_DATA PROVIDED_

____________________

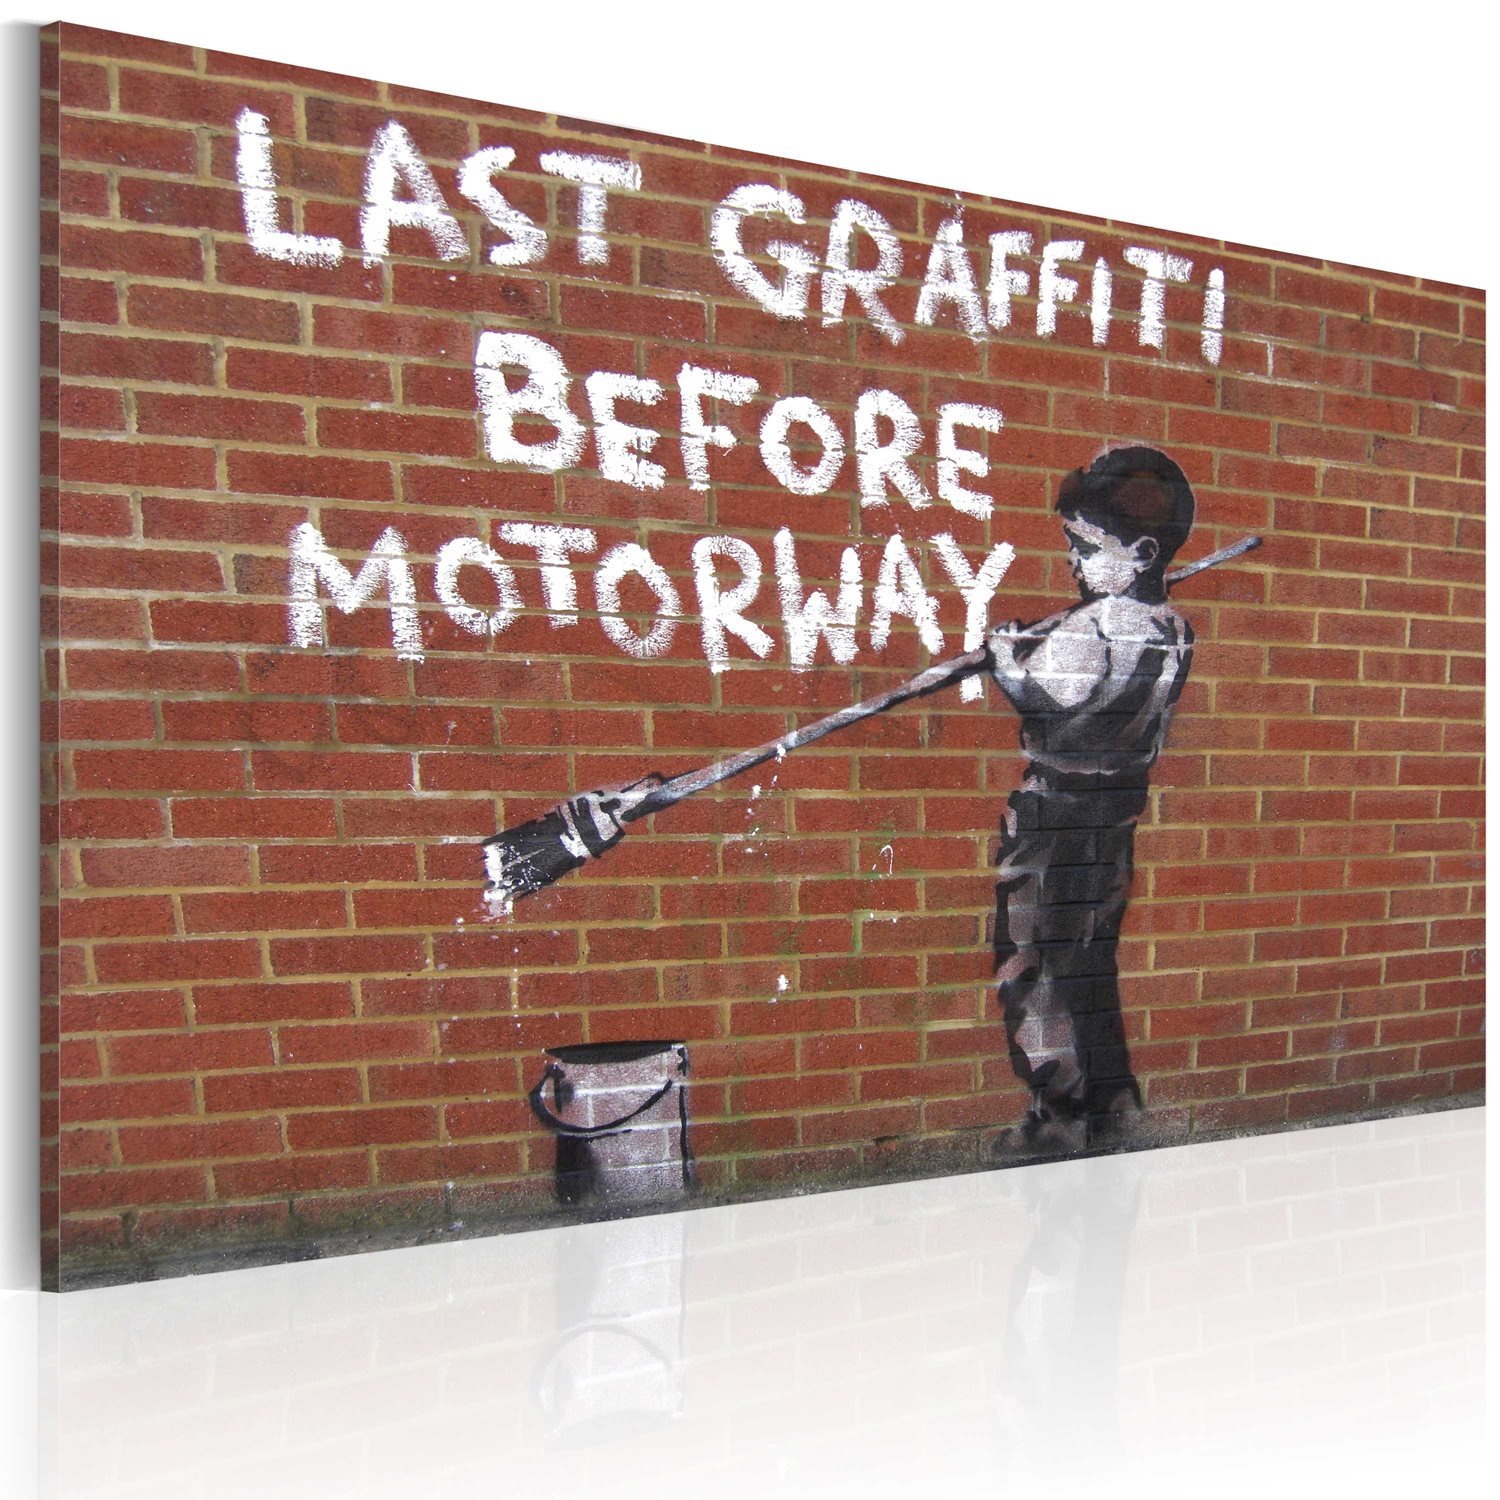 Πίνακας – Last graffiti before motorway (Banksy) 60×40
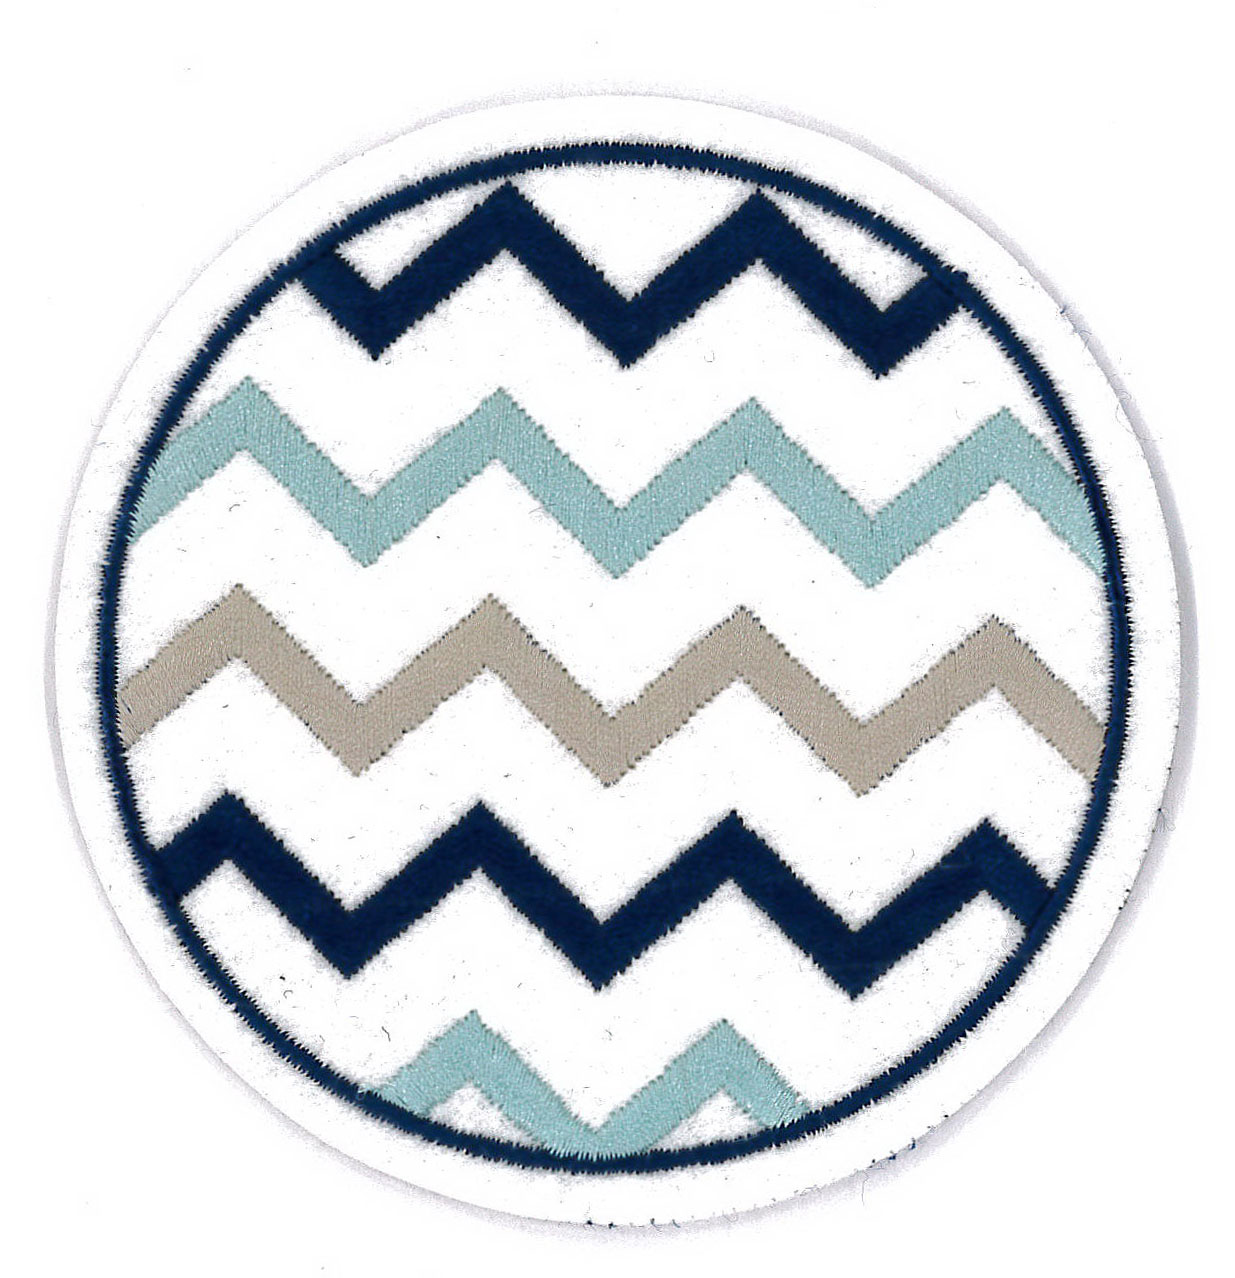 Embroidered Emblem-Coaster
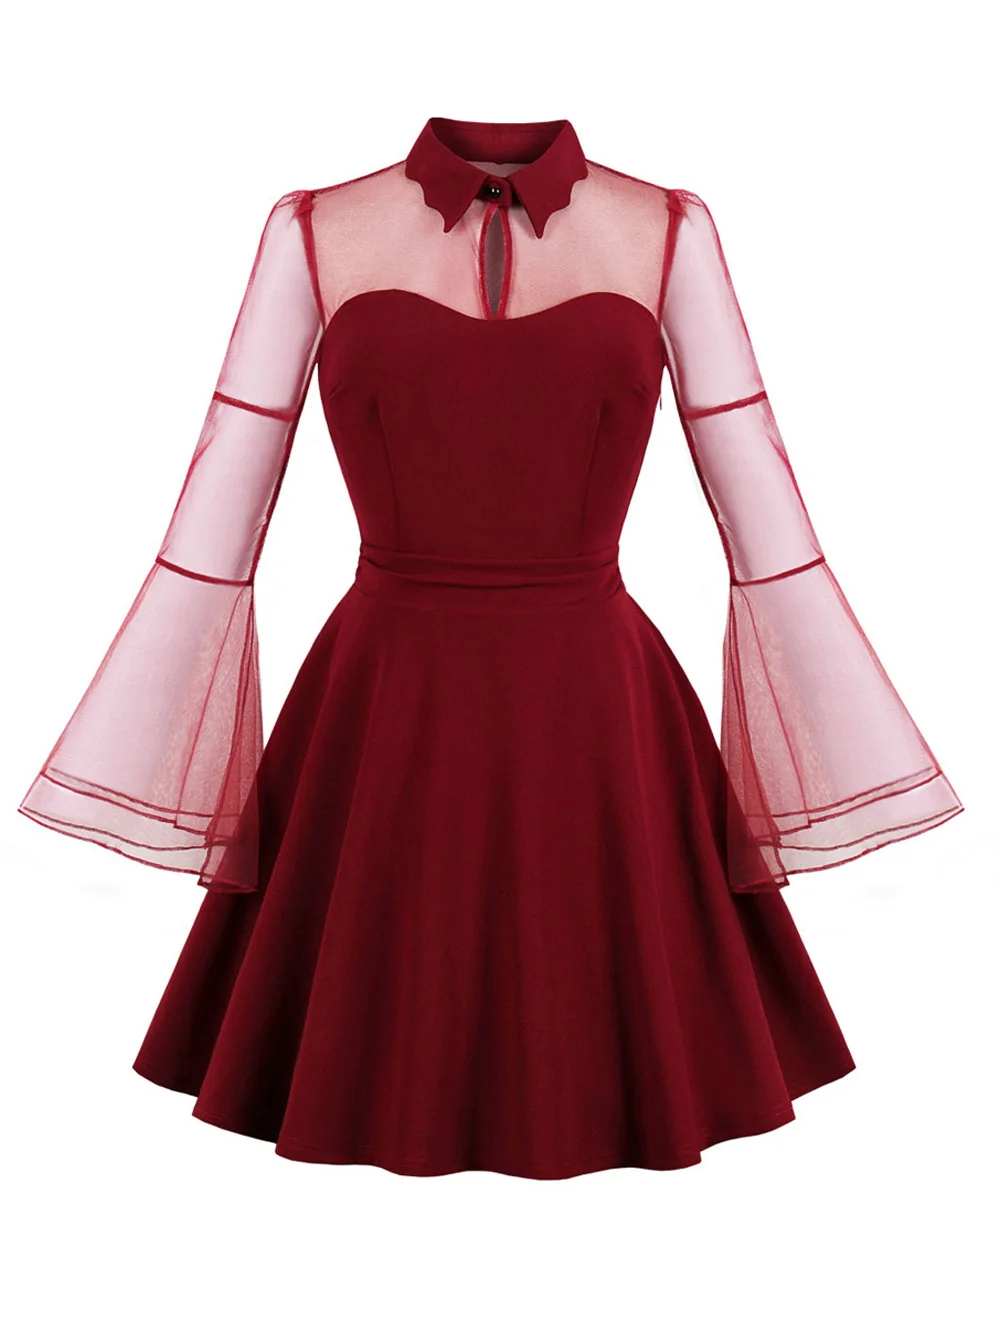 Sovalro женское ретро платье 50s рокабилли халат с лацканами длинные расклешенные рукава прозрачное винтажное платье Летнее ТРАПЕЦИЕВИДНОЕ вечернее платье - Цвет: Red Wine
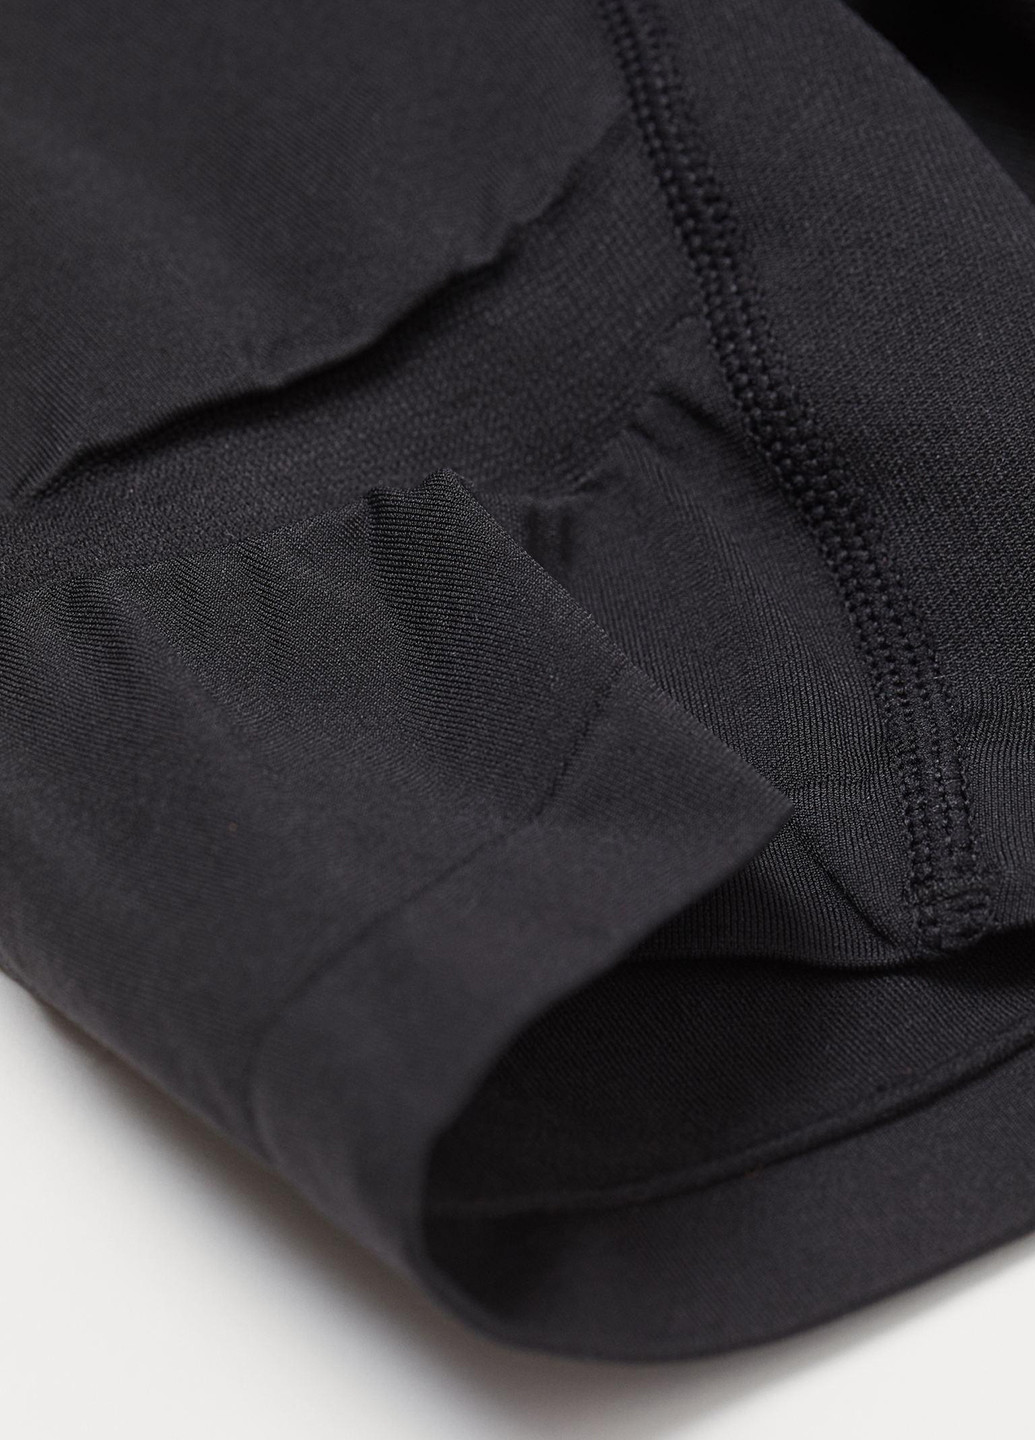 Трусы H&M трусики-шорты однотонные чёрные спортивные полиамид
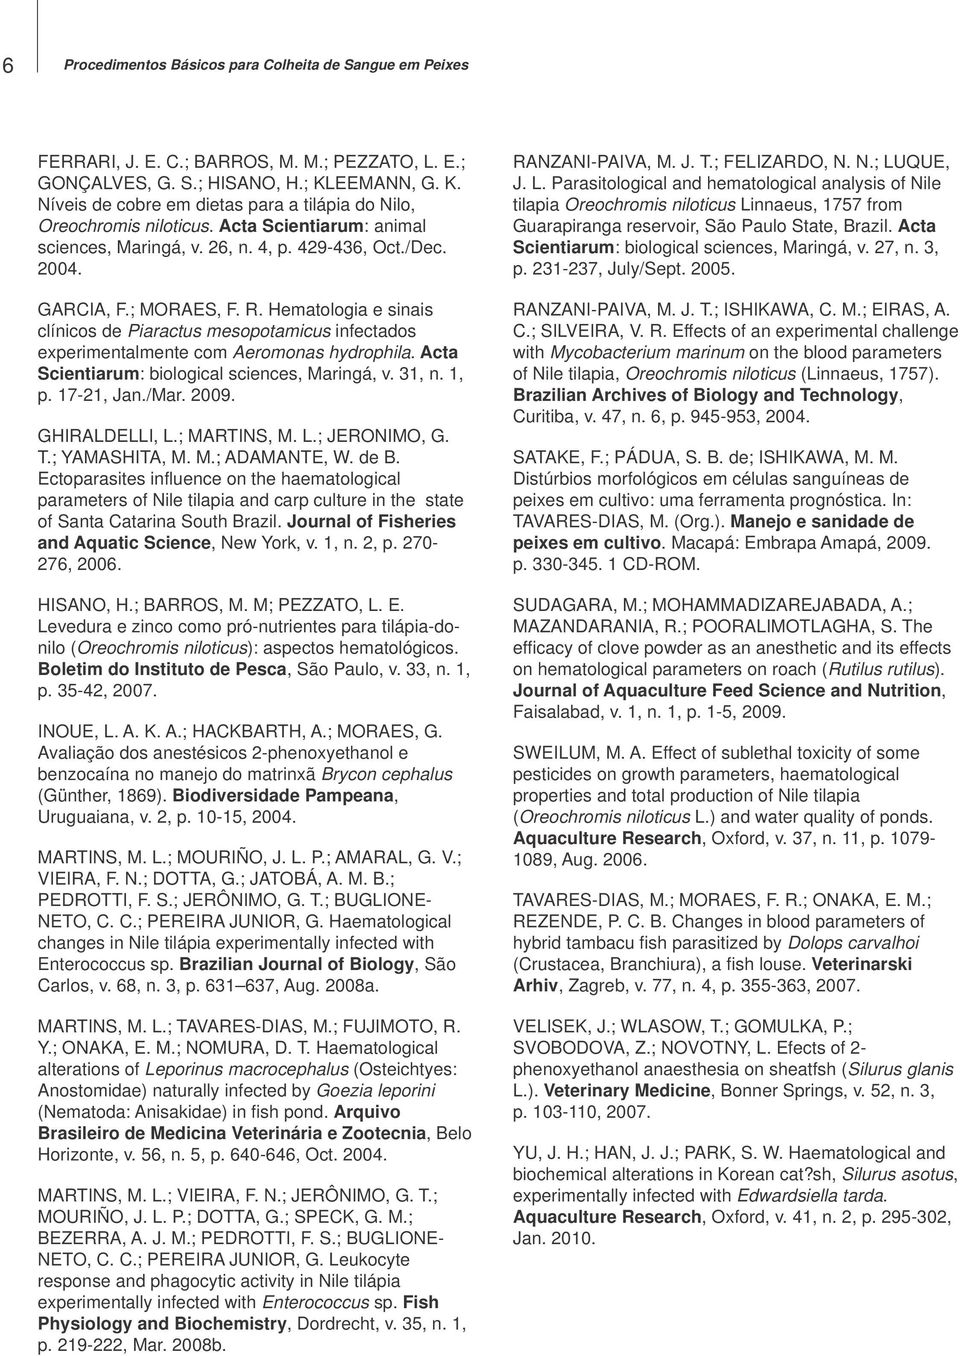 Hematologia e sinais clínicos de Piaractus mesopotamicus infectados experimentalmente com Aeromonas hydrophila. Acta Scientiarum: biological sciences, Maringá, v. 31, n. 1, p. 17-21, Jan./Mar. 2009.

____________________

Could you reproduce exactly, and only, the lines from the one containing "Трусы H&M трусики-шорты" through the end of the records above, both included, while leaving out the pictures?

_FINISHED TASK_
 Трусы H&M трусики-шорты однотонные чёрные спортивные полиамид
 Hematologia e sinais clínicos de Piaractus mesopotamicus infectados experimentalmente com Aeromonas hydrophila. Acta Scientiarum: biological sciences, Maringá, v. 31, n. 1, p. 17-21, Jan./Mar. 2009.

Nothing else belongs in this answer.